I always wondered how we all must appear to him: us spoilt fortunate Westerners,

suffering the curse of Western culture--depression. Did he secretly despise us,

as we poured out our pathetic innermost secrets? Could he not, possibly, even

begin to hate us? That would be understandable.

In the country my psychiatrist came from, most people live hand to mouth, they

sleep under cardboard. Even under our organic feather doonas after our Sleepy

Time Tea in silk teabags drunk from our fine china mugs many of us can't get to

sleep, we have so many worries, so much stress. This is one of the thoughts that

troubles me when I can't get to sleep: as we order newer, wider flat screen

televisions, aren't we like Marie Antoinette before the French Revolution? And

most of the luxuries with which we pamper ourselves--our fine china, embroidered

sheets, our soft fluffy pajamas-- aren't they made by underpaid workers cruelly

repressed in Third World countries? Yes they are, that's why they are so cheap,

and that's why we can afford to buy so much stuff.

In the second year when I saw him again after the summer break I asked, " How was

your holiday, did you go to Queensland? " We had been getting personal to the

extent that we exchanged summaries of holiday plans.

" No, " he said, " I went on a group pilgrimage to Mecca. "

What a barbecue-stopper! I was taken aback big-time. Having met people who have

been just about every single place in the world including the top of Everest and

the tip of Patagonia, a Mecca pilgrimage was a first.To my fascination I

realised I was still unsophisticated and a racistthat I felt some sort fear of

what is fashionably called " the Other " . But I did not want him to sense this, to

feel hurt or insulted, or not accepted.I did not want him to think I was one of

those crass John Laws-worshipping Aussies discombobulated by anything other than

the straight-forward love of ball sports even though I was much closer to being

that than I had realised. And I couldn't ask: " How was the food? " or " Did you

have a lovely hotel? "

But as I was curious, I said, " Can I ask you what were the other pilgrims saying

about what they feel about Australia and the reactions here to Islam? " (The

usual debates had been going on.The usual ill-chosen mullahs had been making

ill-chosen remarks to which all sorts of unhelpful responses were made. The

whole scenario was a mess.)

" They were not talking about Australia " he replied, " All they thought about

was God, and asking forgiveness from Him. "

Right. OK.

So on hearing that Islamic doctors practising in the West were apparently

involved in the latest terrorist bombing attempts, I thought about Dr Ali. And

wondered, just for a second, could my psychiatrist be a terrorist?
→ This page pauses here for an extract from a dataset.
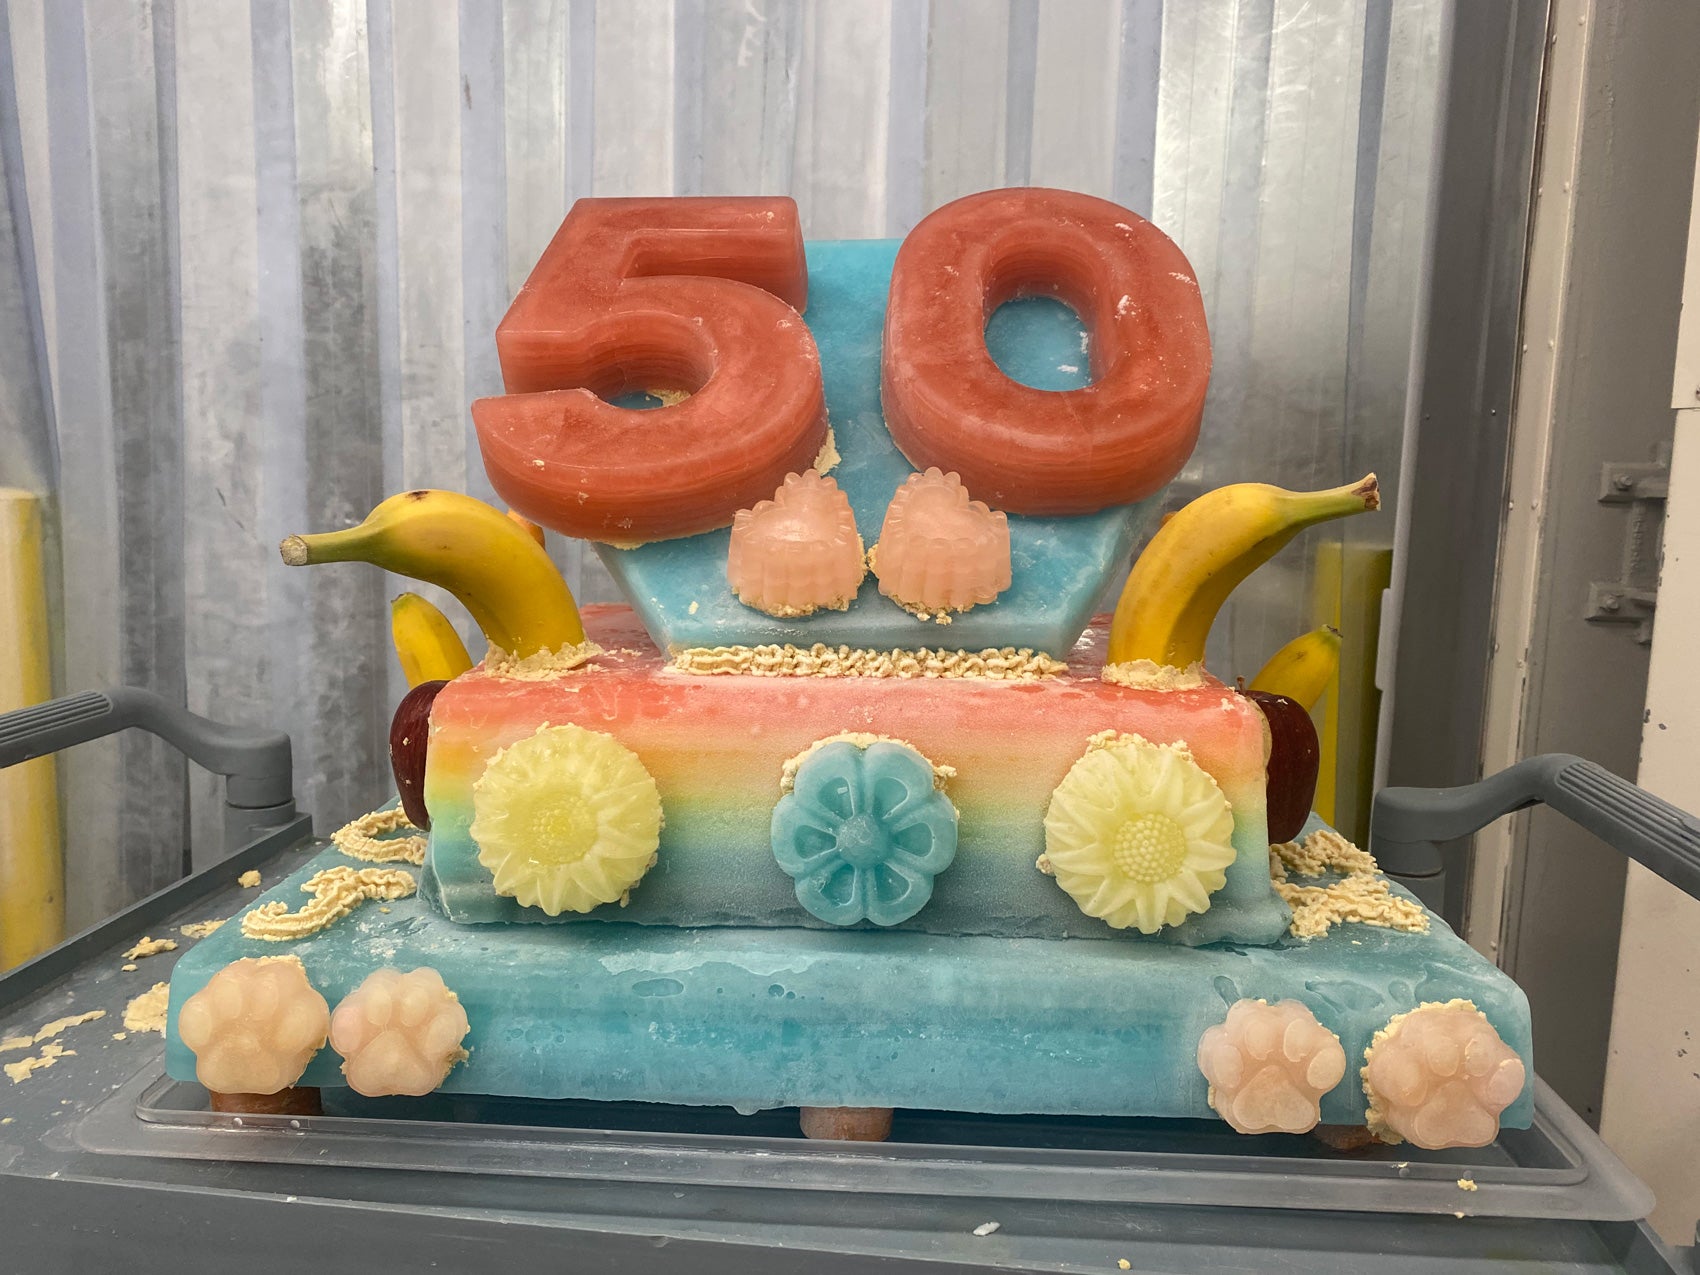 Cake for a 50th birthday – License Images – 13397551 ❘ StockFood

As I had just proved to myself with my jokey but kind of serious mental

queries about Dr Ali, (in whose consulting rooms I have never seen so much as a

single packet of fertilizer) all Muslims are under suspicion, a

situation which must make those younger wilder engineers more prone to

catching the Jihad bug. And make all the others, even more enraged than

they already were about Palestine.

Us bourgeois leftie whiteys are tearing our hair and doing the sackcloth and

ashes thing. We confess the obvious that Westerners are greedy over-consumers,

that much of our culture and media is crass, that we have polluted the planet

and plundered and colonised many a country and that Israel is a big problem. So

we have sinned, and fallen short etc. As Palestine is attacked, and thousands of

Iraqi and Afghanis civilians burn, that creates thousands of reasons why groups

of religious extremists could egg each other on to visiting a symbolic revenge

by laying plans to eviscerate the innocent on the streets of Britain. Does that

explain the silence about the Jihadists on the part of the general Muslim

population themselves?

When born-again Bush and his administration unleashes carnage in the name of

freedom and democracy, millions of Westerners protest, and have continued to do

so ever since the mystery of his so-called election. Is there an equivalent

protest by the educated Islamic community against the theories and actions of

those who pack cars with explosives and nails , in the hope of achievingwhat?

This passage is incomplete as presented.